A Lycoming engine was displayed at the manufacturer's tent at EAA AirVenture Oshkosh.

Credit: Bill Carey

Octane is the “prima donna” of the effort to develop a high-octane unleaded fuel for the wide variety of piston-engine aircraft in the U.S. but it is just one of many fuel characteristics to consider, says Jennifer Miller, Lycoming Engines senior director of engineering.

“Octane is merely the ability of a fuel to withstand compression in an engine without detonating,” Miller said July 27, during a presentation at EAA AirVenture Oshkosh. “When you burn fuel, you want a nice, smooth increase in pressure and when you have detonation you get sudden explosions in your combustion chamber and that could be a very bad day. With runaway detonation you can burn holes in your pistons.”

Miller briefed pilots on fuel constituents and characteristics as the general aviation (GA) industry and the FAA pursue development of a high-octane, unleaded avgas to replace 100 Low Lead (100LL), which is needed by roughly 30% of the U.S. piston-engine aircraft fleet to safely operate. Two partnerships are developing candidate fuels under the Piston Aviation Fuels Initiative (PAFI), a long-running industry-government testing program, and two through the FAA supplemental type certification (STC) process, which is proprietary between the agency and the fuel developers.

“I’m not necessarily referring to any of the candidate fuels,” Miller said, emphasizing that caveat. “I would not share anybody’s IP, I won’t comment on anybody’s formula. I won’t give my opinion. I’m here merely to talk about what your engine cares about.”

Echoing a message that Lycoming Engines Senior Vice President Shannon Massey delivered during a media briefing in June, Miller said the density, volatility, freezing point, stability, compatibility, engine durability and producibility of a new fuel are important considerations in addition to octane rating.

“Octane is important,” she allowed. “I think it’s the prima donna of this discussion. It’s really [the reason] why replacing 100 Low Lead is so difficult.
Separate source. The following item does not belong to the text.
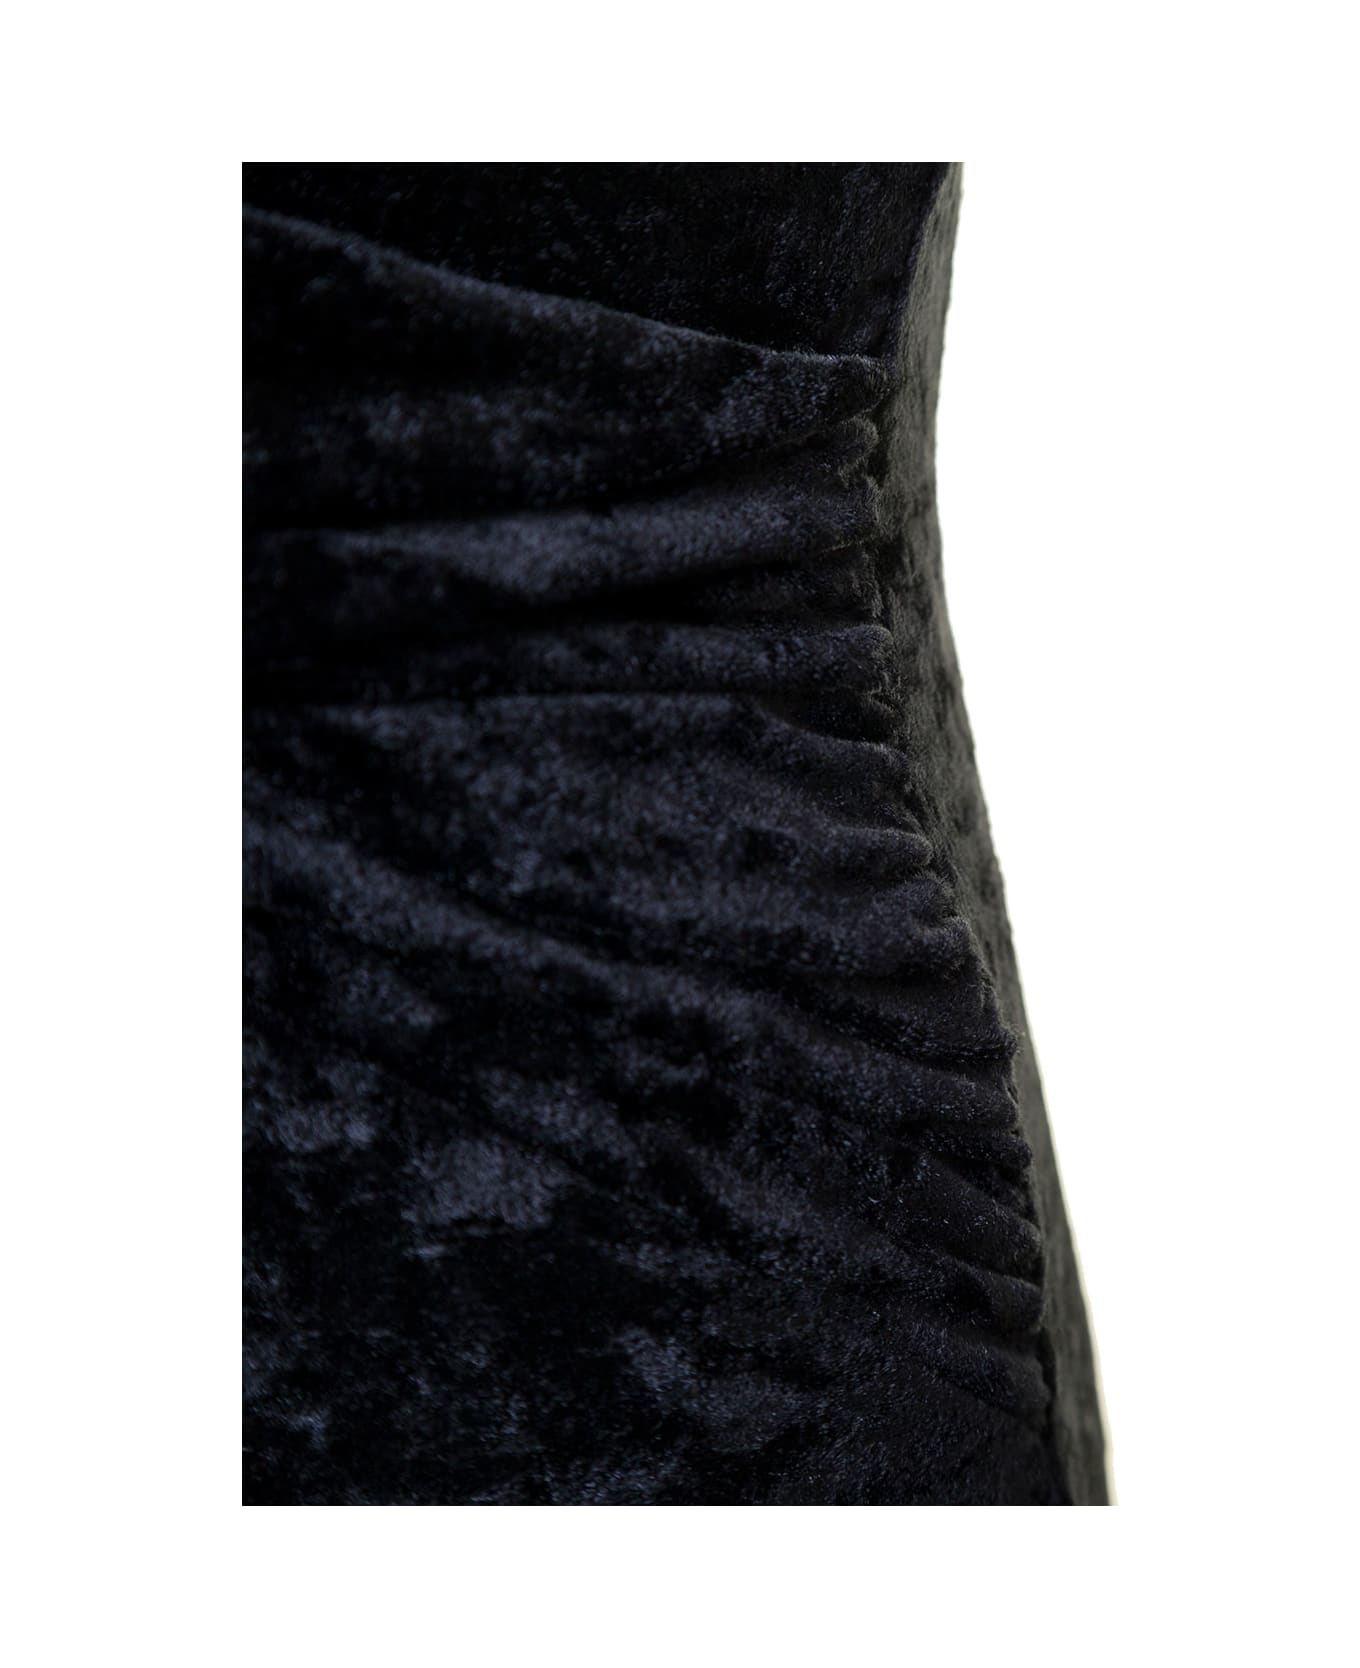 The Andamane 'naomi' Blue Hooded Flared Jumpsuit In Crushed Velvet Woman - Black

But if we’re chasing octane with these candidate fuels, it’s really important that you don’t lose sight of other important characteristics. Octane is not a measure of any other quality of a fuel.”

Aircraft with high-horsepower, high-compression piston engines require high-octane avgas; many of them are mission-oriented “workhorses” used to ferry supplies to remote populations, patrol borders and support military operations, Lycoming says. The engine manufacturer, based in Williamsport, Pennsylvania, holds type certificates for 650 engine models. There are more than 100,000 Lycoming type certificate engines in the GA aircraft fleet, of which more than half require a higher-octane fuel, Massey told reporters.

Most of the Lycoming-powered training aircraft fleet is powered by lower compression engines that should be able to run on lower-octane fuel, Miller said during AirVenture.

The higher the octane rating of a fuel, the higher its resistance to detonation. The fuel additive tetra-ethyl-lead (TEL) is an octane enhancer that is used in blue-dyed 100LL, the most common type of avgas.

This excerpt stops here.